Sisters, Rose and Julia, don’t agree on anything, including how to feel about their dying Mom.
Tensions rise when their Mom gets attacked by her psychotic cat and they have to decide the fate of her fiendish feline.
A nurse, a needle, and a cat that just won’t die help the sisters to realize that there is one thing they can agree on… grief feels different for everybody.
TRAILER
SCREENINGS
CREATOR’S STATEMENT
When my mom was dying, I suddenly felt betrayed by every movie I’d seen that had told me what grief was going to look like. In the movies, illness and the grief that surrounds it is presented as a sequence. There’s the reveal of the prognosis over symphonic music, there’s the woman standing in front of the bathroom mirror considering her shoulder length hair before picking up a razor and shaving her head. Usually a family member will walk on her. They’ll be shocked at first, but then they’ll take over. It’s tender and touching. Later, if she dies, she’ll say something beautiful with her last breath, and everyone weeps. It’s all so dignified.
My experience wasn’t like that. For the last few months of my mom’s life, I was her primary caregiver. I was with her day in and day out, administering medications, cooking food she refused, proofreading her will for her, signing her DNR, and taking her to see doctors. I felt suffocated by fear and responsibility. I had panic attacks. I slept an hour a night.
And then as she got closer and closer to dying, something happened. You know how some movies are so bad, they’re good? It was kind of like that. Our days were so unbearably horrible that they became funny. She could appear completely comatose for hours, and then suddenly discover a shocking burst of energy that she’d use to catapult herself from her hospital bed downstairs to her other bed upstairs, with me chasing after her. After years of us having screaming fights because I wanted her to quit smoking and she denied doing it at all, she finally began to smoke in front of me, while maintaining intense eye contact. I had to laugh. Once I started cracking (really dark) jokes, the pressure eased up a little. And in a way, I felt like my mom and I found each other again. We’d been so at odds for my teens and early 20s, but for a moment while I was 23 and she was dying, we shared the same sense of irreverent humor.

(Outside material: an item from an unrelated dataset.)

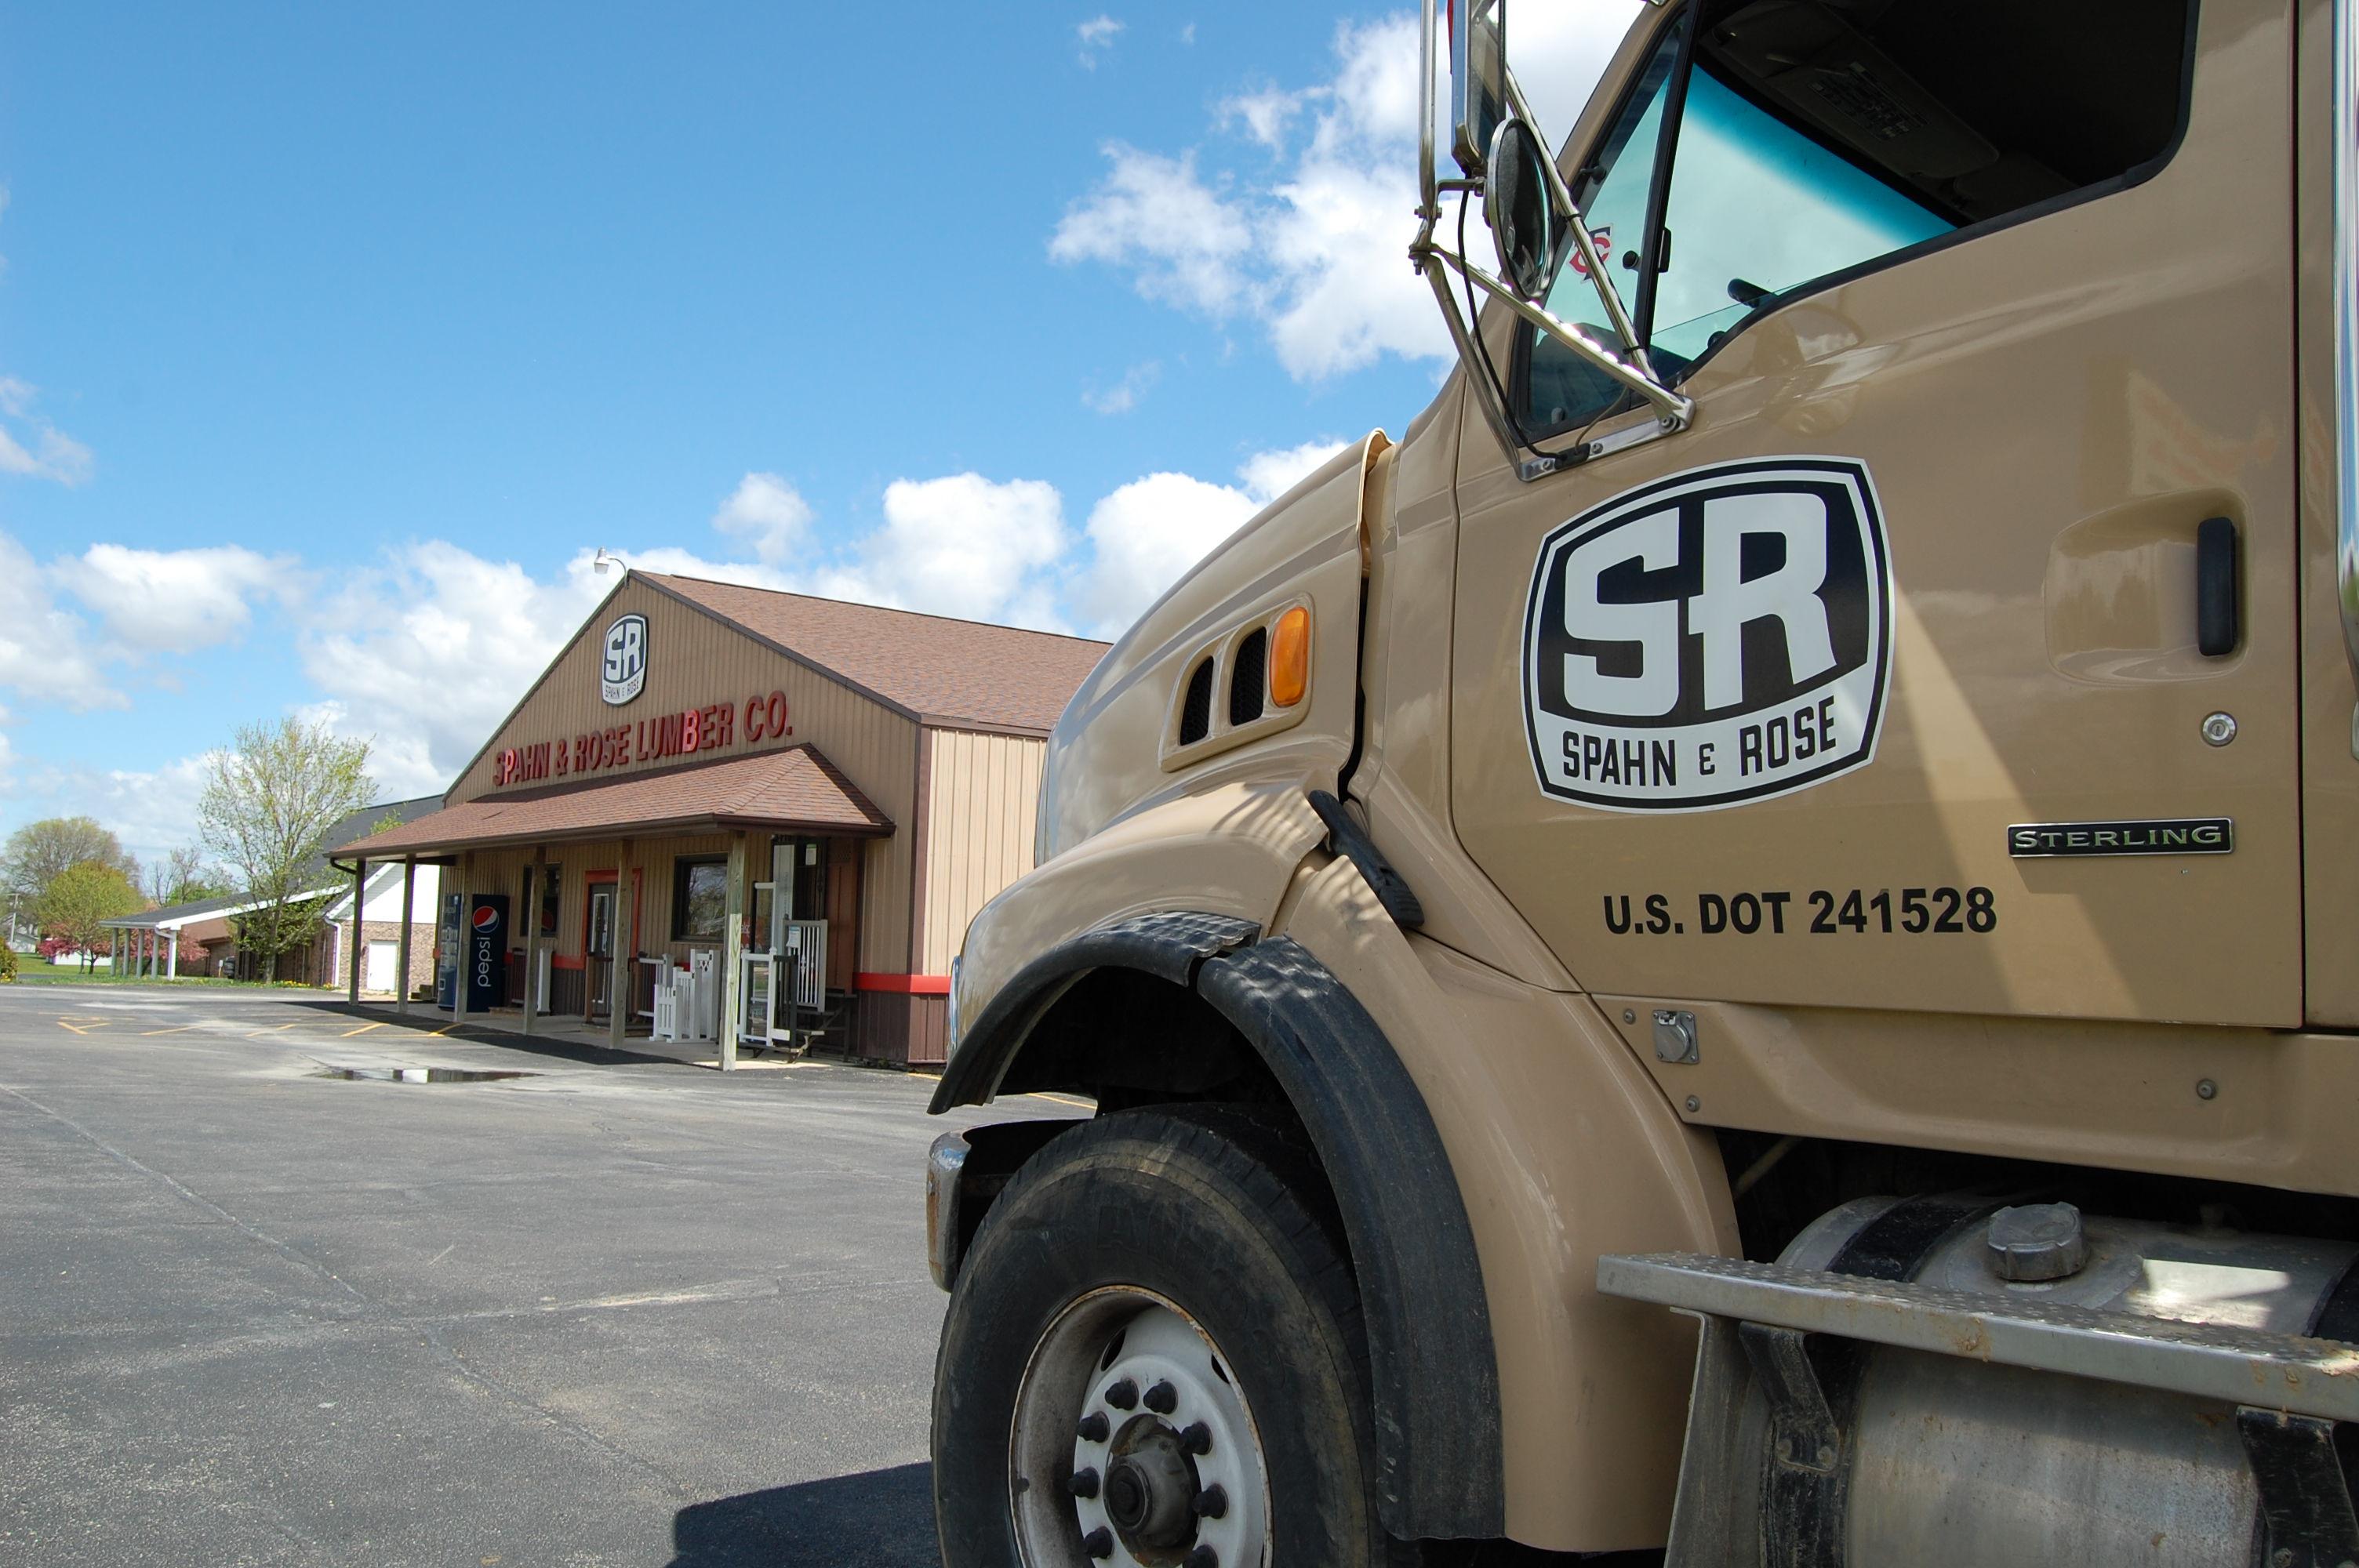 Spahn & Rose Truck-Pearl City

More peripheral family members judged me for how I was coping. They expected me to be crying or speaking in flowery terms about my mom “passing.” I resented them. I felt they were performing their idea of grief from the movies, while leaving me to do all of the work.
I wrote Kill Cat Oakland because I want to ask the question, what does it mean to “deal with” death and grief? What’s the right way to grieve, and who gets to decide? Rose and Julia are two sisters with very different perspectives. Rose shoulders the burden of day to day dying things, and she feels she needs her sense of humour. Julia is overwhelmed with fear and sadness and wants to make sure her mom is treated with love and respect, but she doesn’t want to be the one to get dirty. These clashing perspectives come to a head while they attempt to do one thing together: kill their mom’s psychotic cat. By the end, they each gain a little bit of respect for the other’s point of view. I hope that after people watch Kill Cat Oakland, they feel a little more alive to the many facets of grief.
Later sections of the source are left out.